VCF files can be large and it’s often the case that only a subset of variables or genomic positions are of interest. The scanVcfHeader() function in the VariantAnnotation package retrieves header information from a VCF file. Based on the information returned from scanVcfHeader() a ScanVcfParam() object can be created to read in a subset of data from a VCF file. * Use scanVcfHeader() to inspect the header information in the ‘chr22.vcf.gz’ file in VariantAnnotation package. * Select a few ‘info’ or ‘geno’ variables and create a ScanVcfParam object. * Use the ScanVcfParam object as the ‘param’ argument to readVcf() to read in a subset of data. Note that the header() accessor operates on VCF objects in the R workspace. Try header(vcf) on the dbSNP file from AnnotationHub.
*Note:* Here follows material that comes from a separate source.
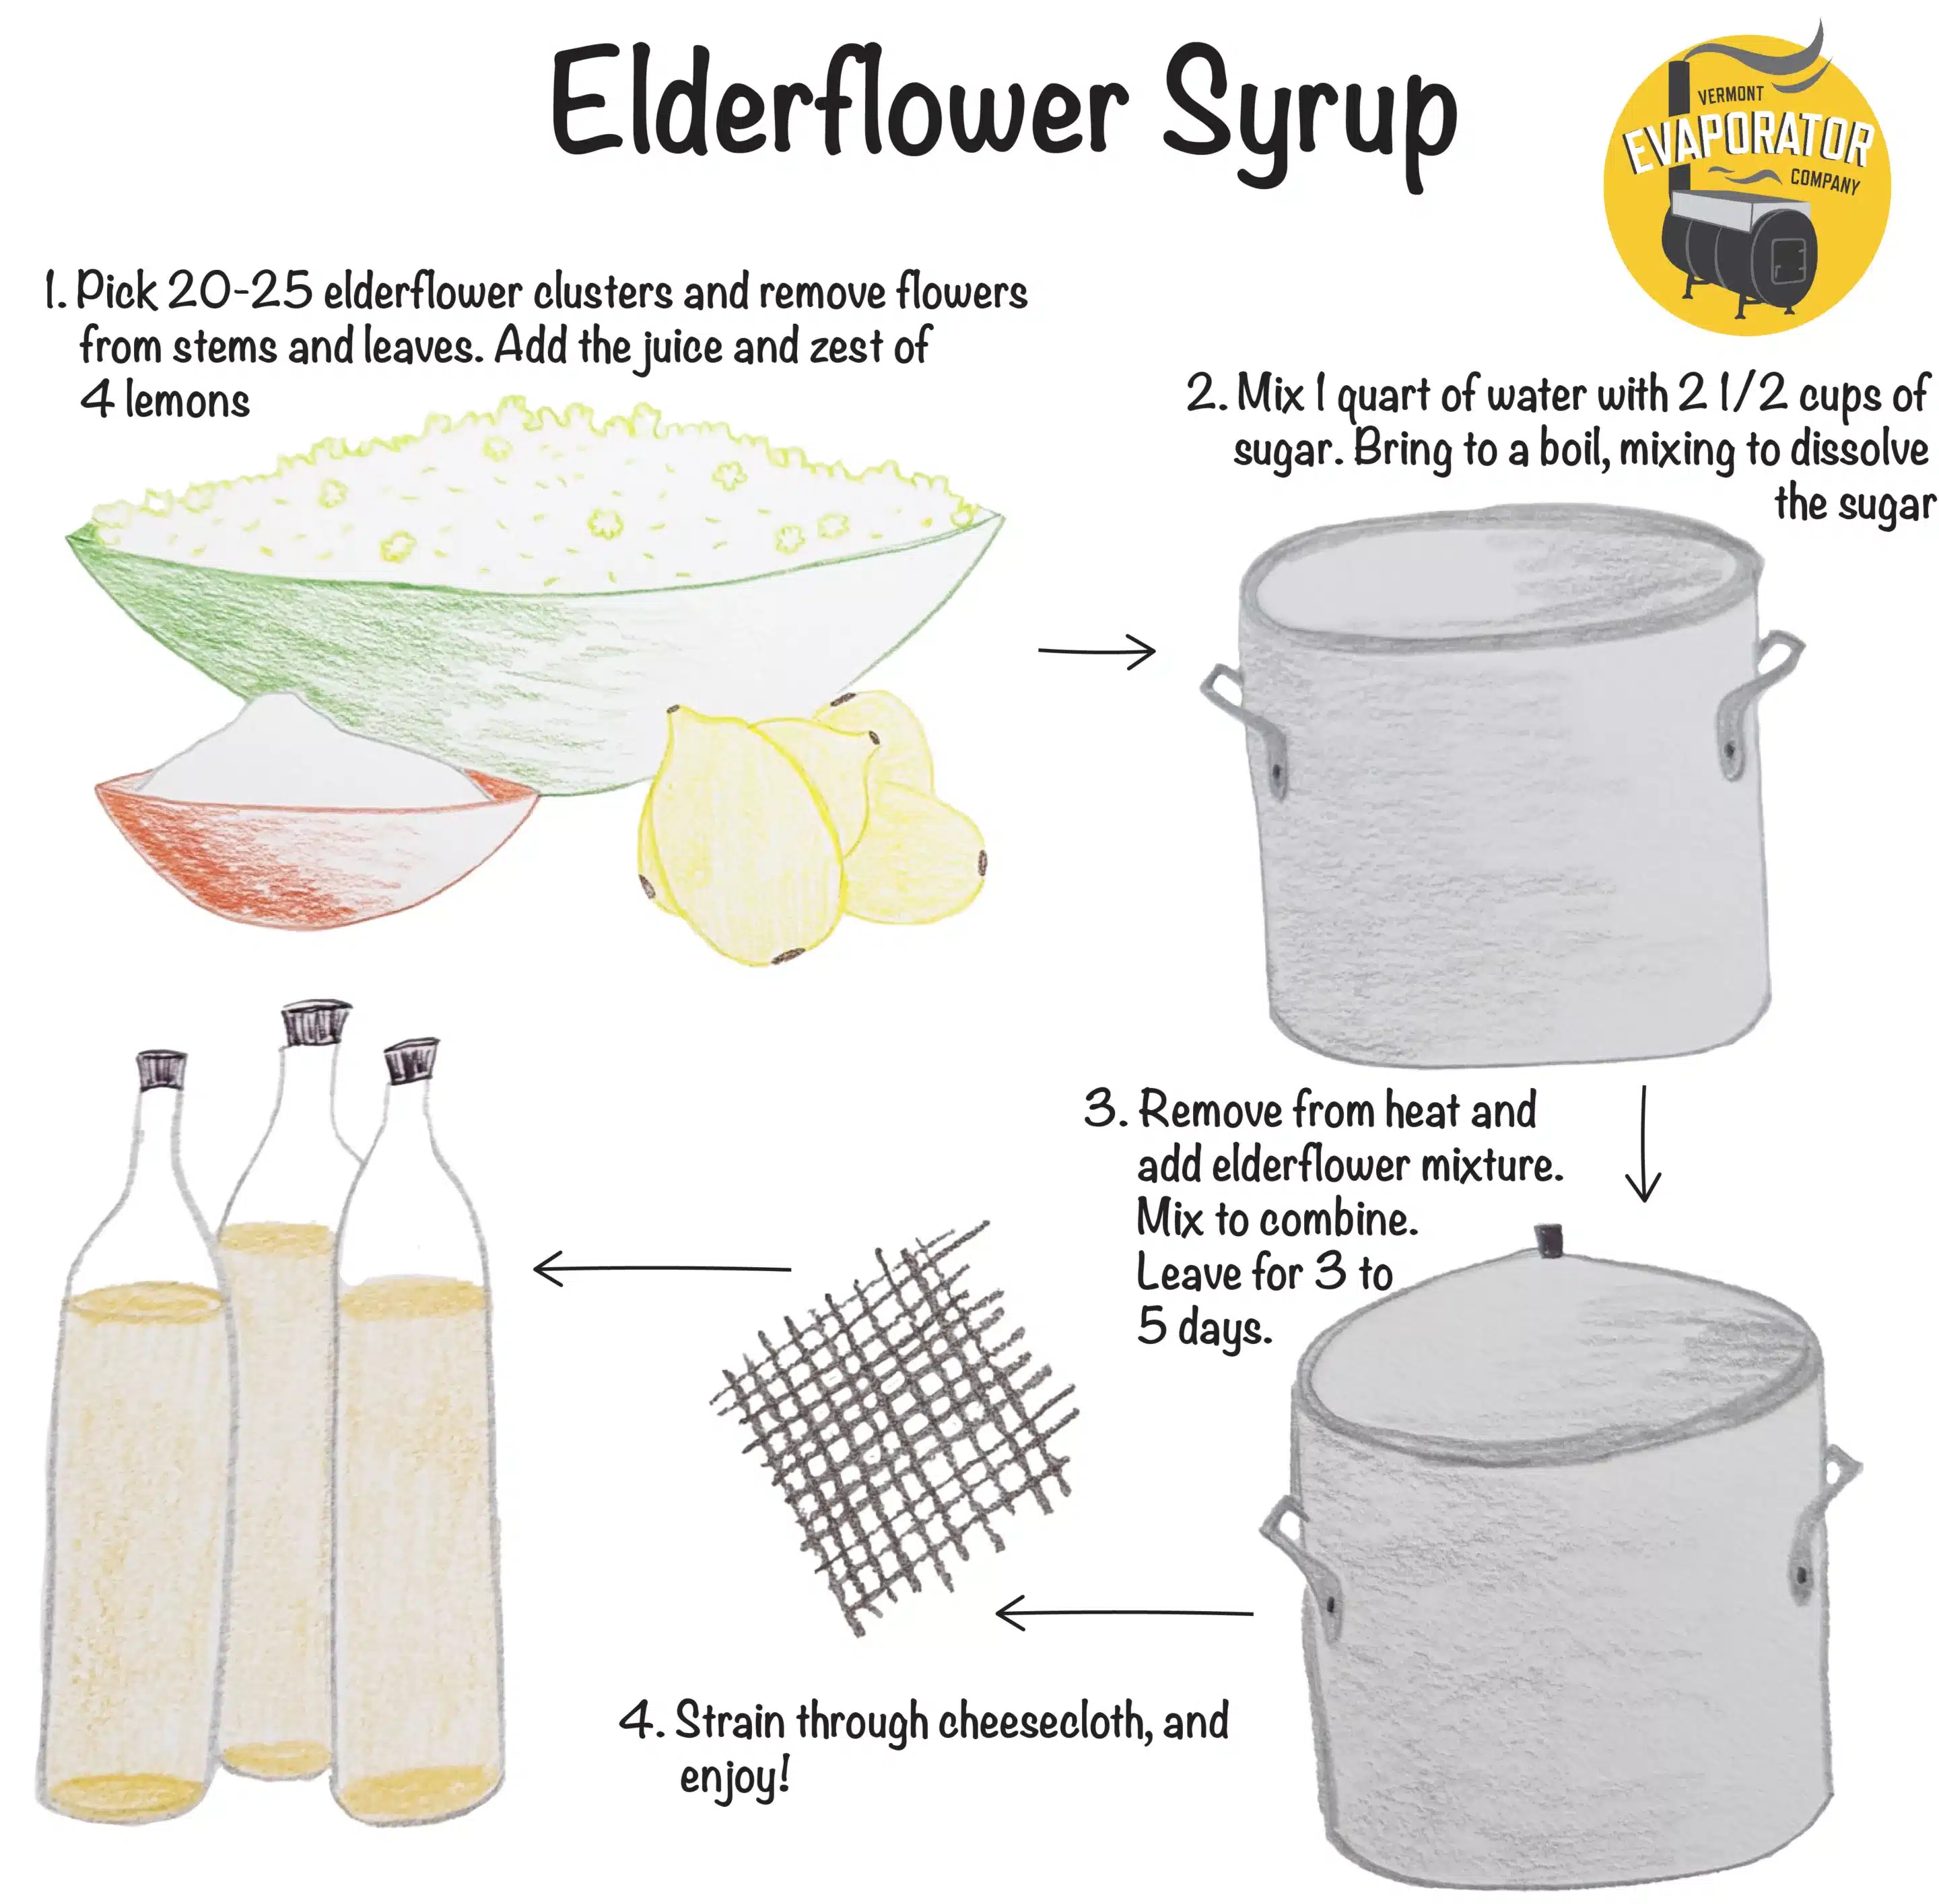 A hand drawn infographic about how to make elderflower syrup.

Exercise 2: Annotate the mouse ranges in ‘gr_mm10’ with AnnotationHub files. * Create a new ‘hub’ and filter on organism. * Isolate the files for the appropriate genome build and perform overlaps.
Exercise 3: Annotate a gene range from Saccharomyces Scerevisiae. * Load TxDb.Scerevisiae.UCSC.sacCer3.sgdGene and extract the gene ranges. (Hint: use transcriptsBy() and range()). * Isolate the range for gene “YBL086C”. * Create a new ‘hub’ from AnnotationHub and filter by organism. (You should see >= 39 files.) * Select the files for ‘sacCer3’ and perform overlaps.